Significance. If the ongoing validation establishes that simulated conversations are realistic and judge-agent scores align with practicing clinicians, VERA-MH would supply a scalable, reproducible pipeline for safety assessment in a high-stakes domain. The explicit clinician involvement in rubric creation and the paper's transparency about its preliminary status and validation needs are clear strengths that position the framework as a constructive contribution to responsible AI development in healthcare.

major comments (1)

Abstract and framework description: the aggregation step that converts per-conversation rubric scores into a final chatbot evaluation is described only at a high level; without specifying the aggregation rule (e.g., mean, weighted sum, threshold logic), the central claim that VERA-MH yields an actionable safety assessment remains difficult to evaluate or reproduce.

minor comments (2)

The manuscript would benefit from a concise diagram or pseudocode outlining the full pipeline (user-agent generation, conversation flow, judge-agent prompting, aggregation) to improve clarity for readers outside the immediate team.
Add a short related-work paragraph situating VERA-MH against existing AI safety benchmarks or rubric-based evaluations in clinical AI to help readers assess novelty.
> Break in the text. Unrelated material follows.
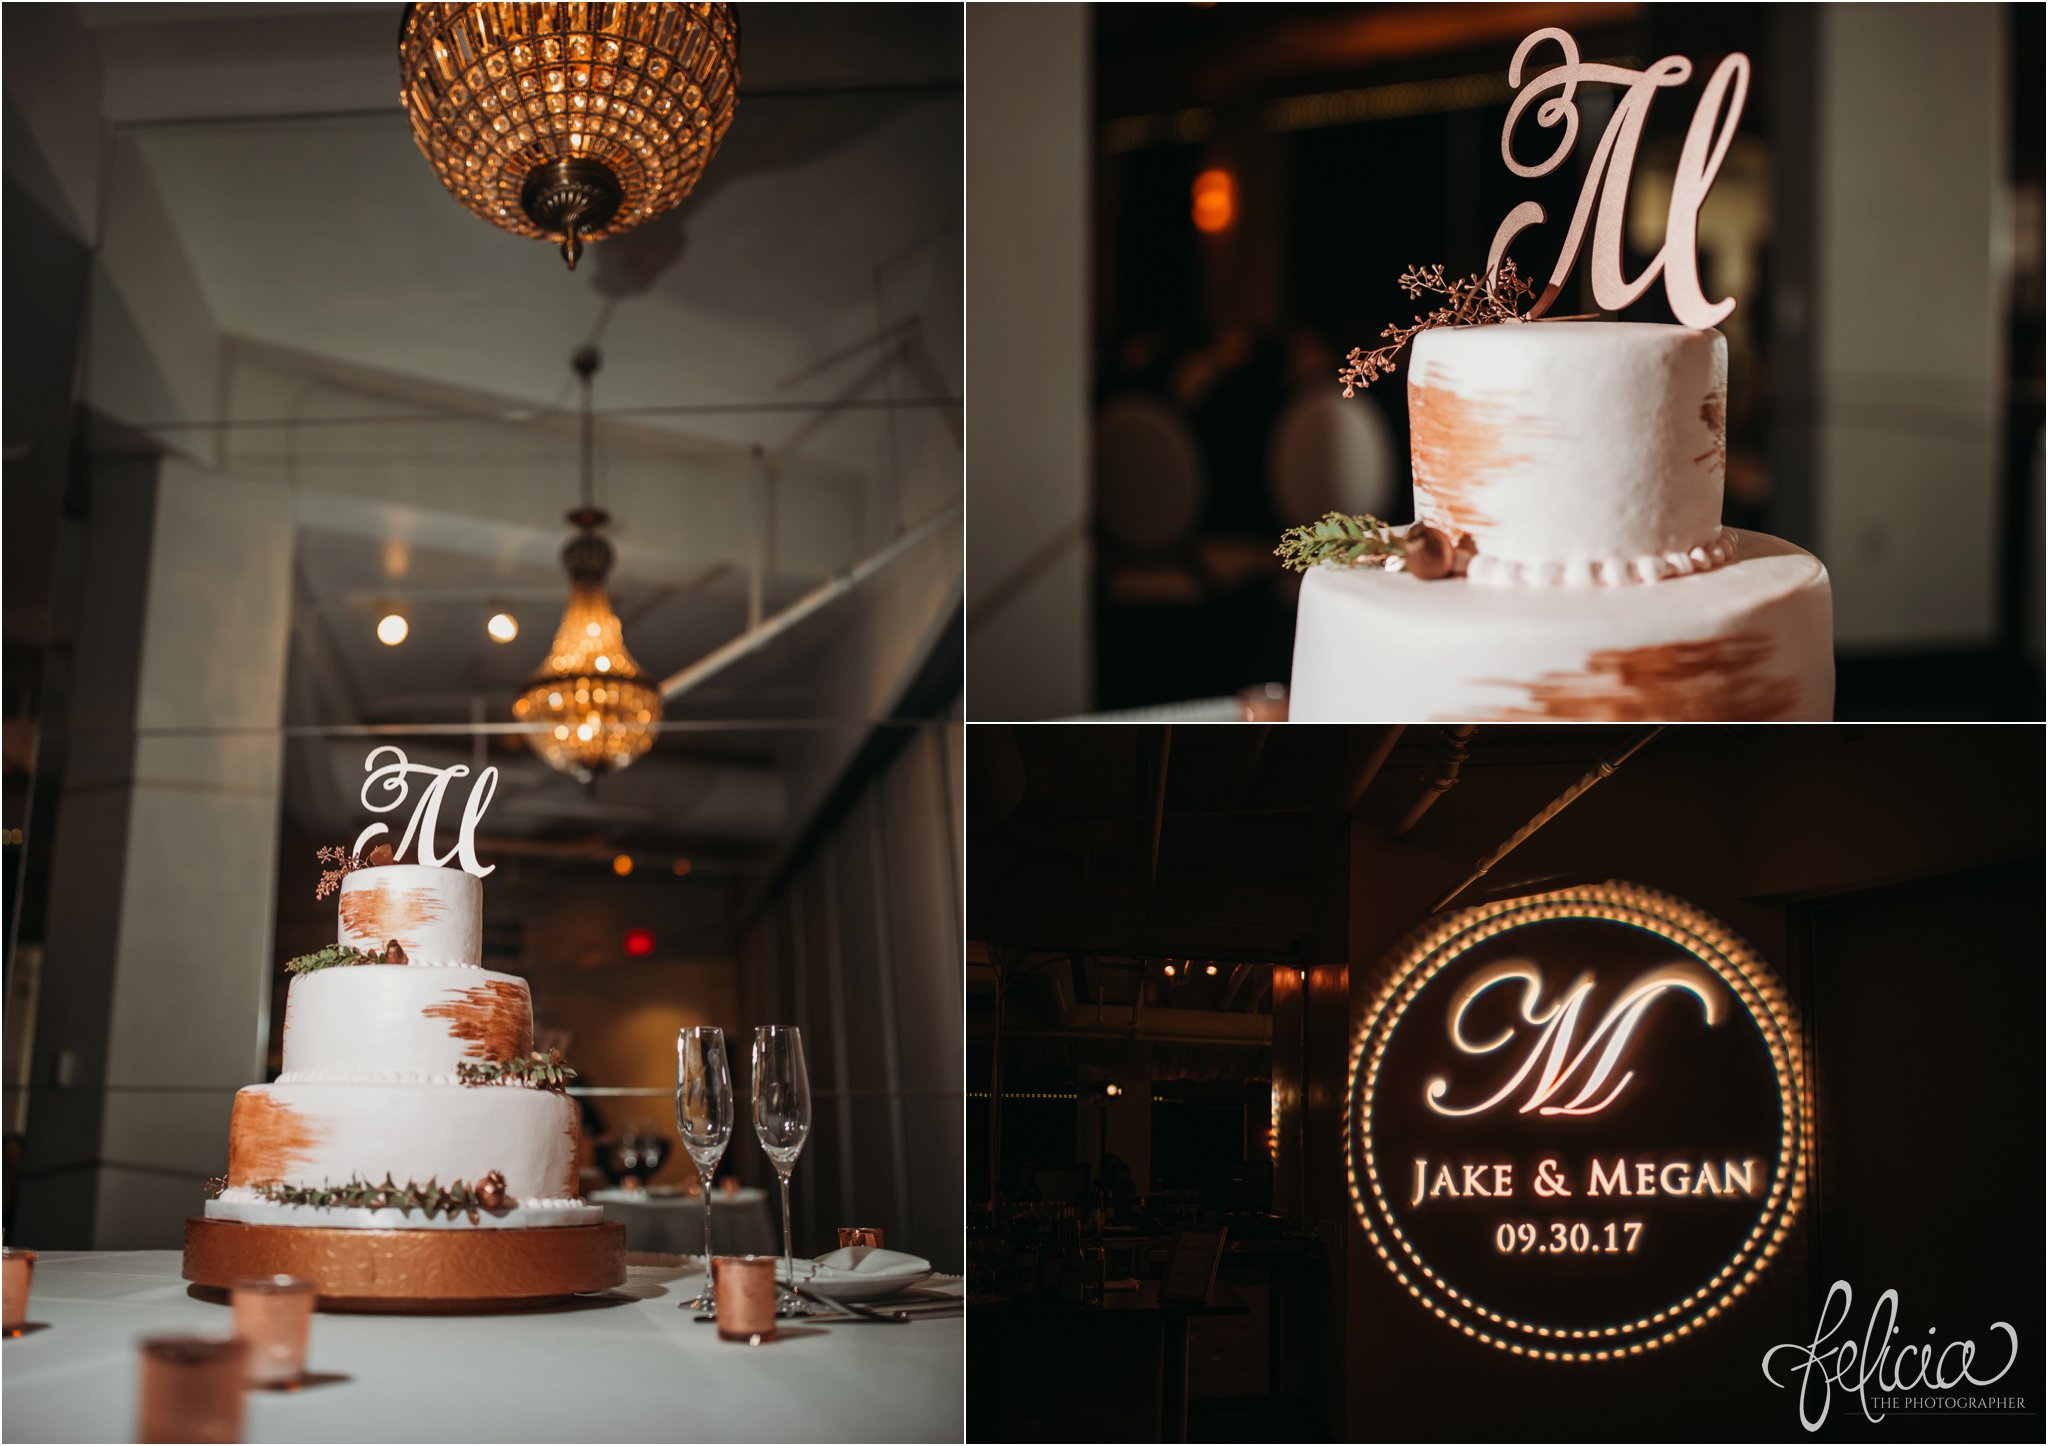 images by feliciathephotographer.com | wedding photographer | kansas city | chandelier | details | reception | initial | raw styled cake | rustic | candles | champagne flutes | date |

Simulated Author's Rebuttal

1 responses · 0 unresolved

We thank the referee for their constructive review and for recognizing the potential value of VERA-MH as a scalable evaluation framework. We appreciate the recommendation for minor revision and address the single major comment below.

read point-by-point responses

Referee: Abstract and framework description: the aggregation step that converts per-conversation rubric scores into a final chatbot evaluation is described only at a high level; without specifying the aggregation rule (e.g., mean, weighted sum, threshold logic), the central claim that VERA-MH yields an actionable safety assessment remains difficult to evaluate or reproduce.
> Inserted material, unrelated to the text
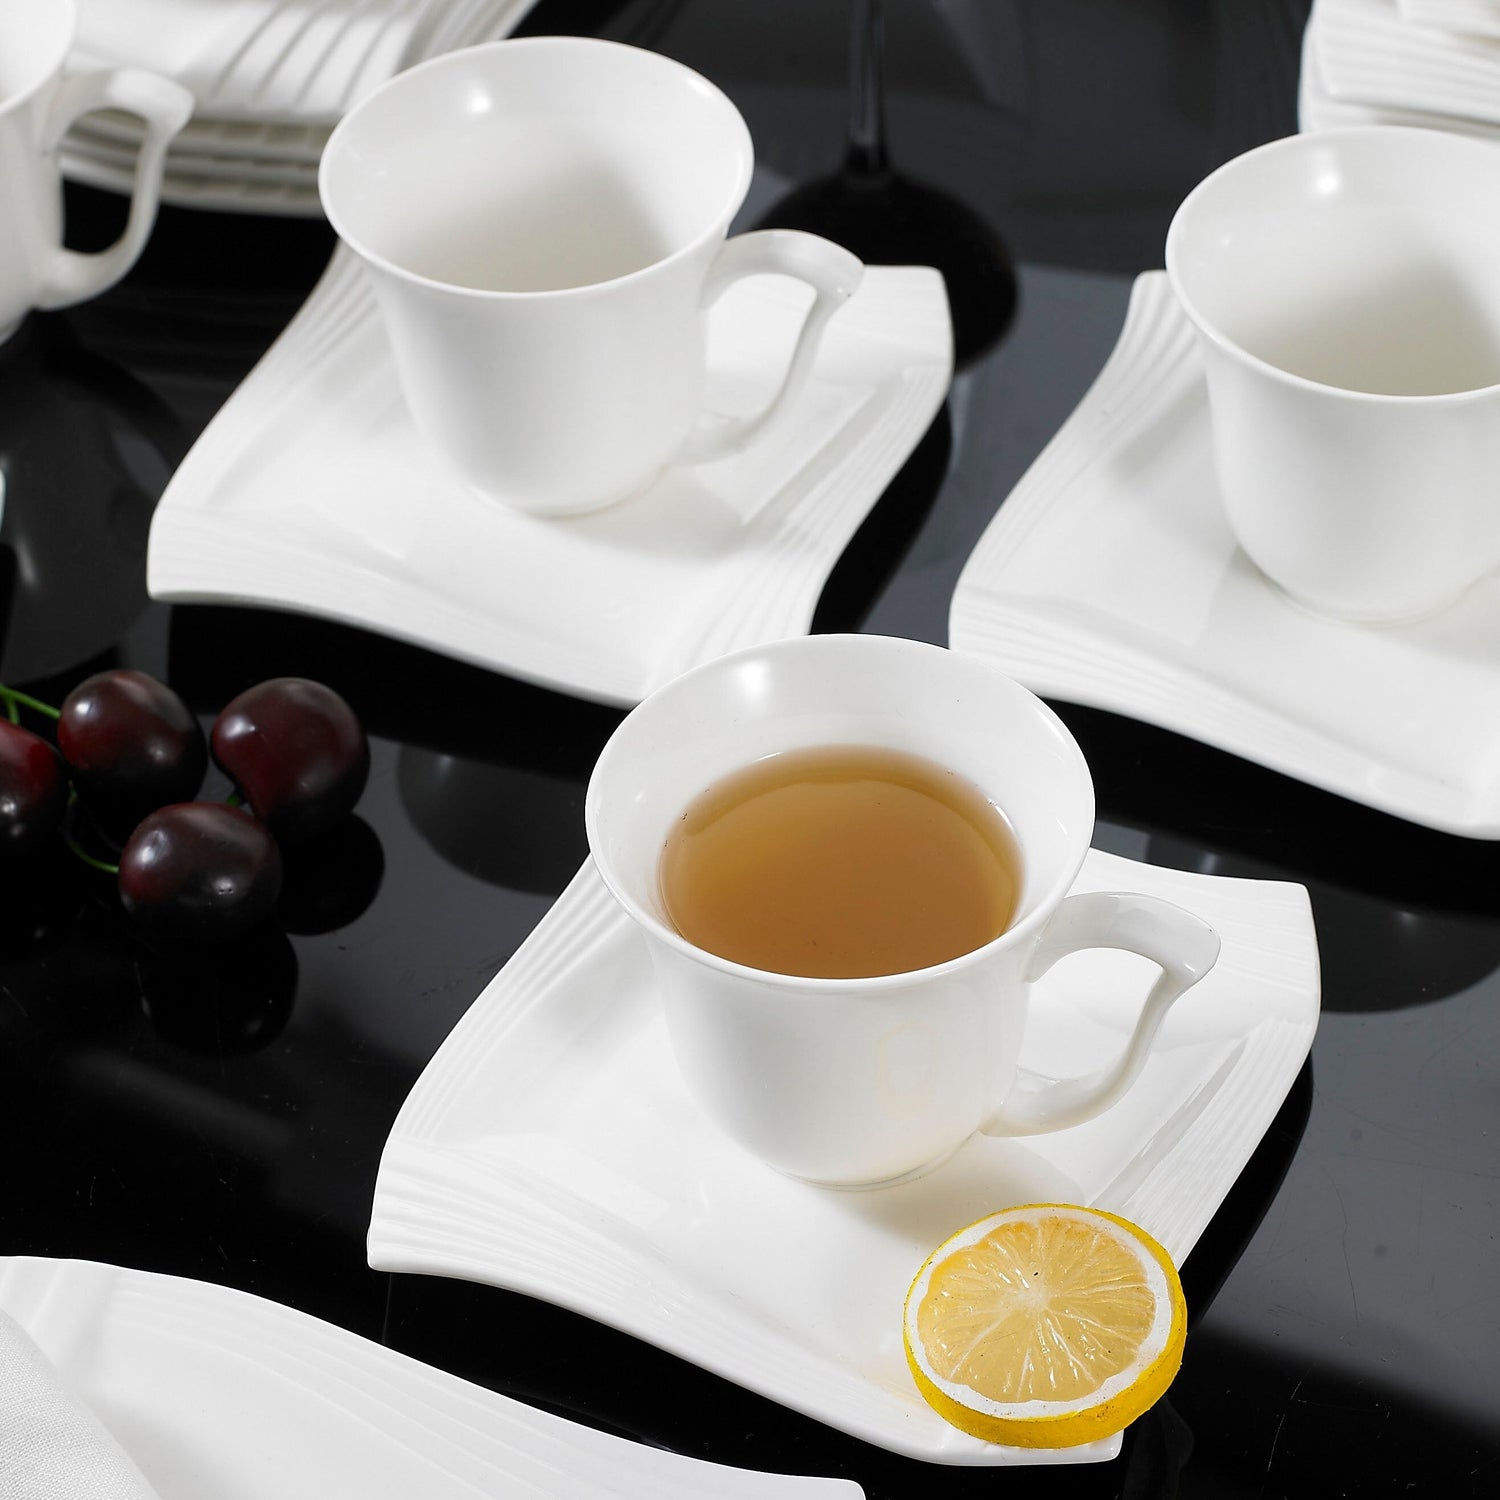 Amparo 18-Piece White Porcelain Coffee Tea Drinkware Sets including Cup,Saucers and Dessert Plates for 6 - Nordic Side - 18, Amparo, and, Coffee, CupSaucers, Dessert, Drinkware, for, Home, in

Authors: We agree that greater specificity on the aggregation step would improve clarity and reproducibility. As noted in the manuscript, VERA-MH remains a concept paper with actionable scoring still under refinement through clinical validation. In the revised version we will expand the framework description to state that the current preliminary aggregation computes the mean rubric score across conversations for each simulated persona and risk level, while explicitly noting that weighted or threshold-based rules are planned for later iterations once validation data are available. revision: yes

Circularity Check

0 steps flagged

No significant circularity detected

full rationale

The paper is a concept paper that introduces the VERA-MH framework as a methodological proposal: a clinician-developed rubric, user-agent simulation of pre-defined personas, judge-agent rubric scoring, and aggregation of results. No mathematical derivations, equations, fitted parameters, or predictions appear in the text. The authors explicitly state that user-agent realism and judge-agent accuracy remain under clinical validation, with only preliminary runs used for design iteration. No self-citations, uniqueness theorems, or ansatzes are invoked as load-bearing steps. The central claim is the description of the automated pipeline itself, which does not reduce to its own inputs by construction and stands as an independent framework proposal.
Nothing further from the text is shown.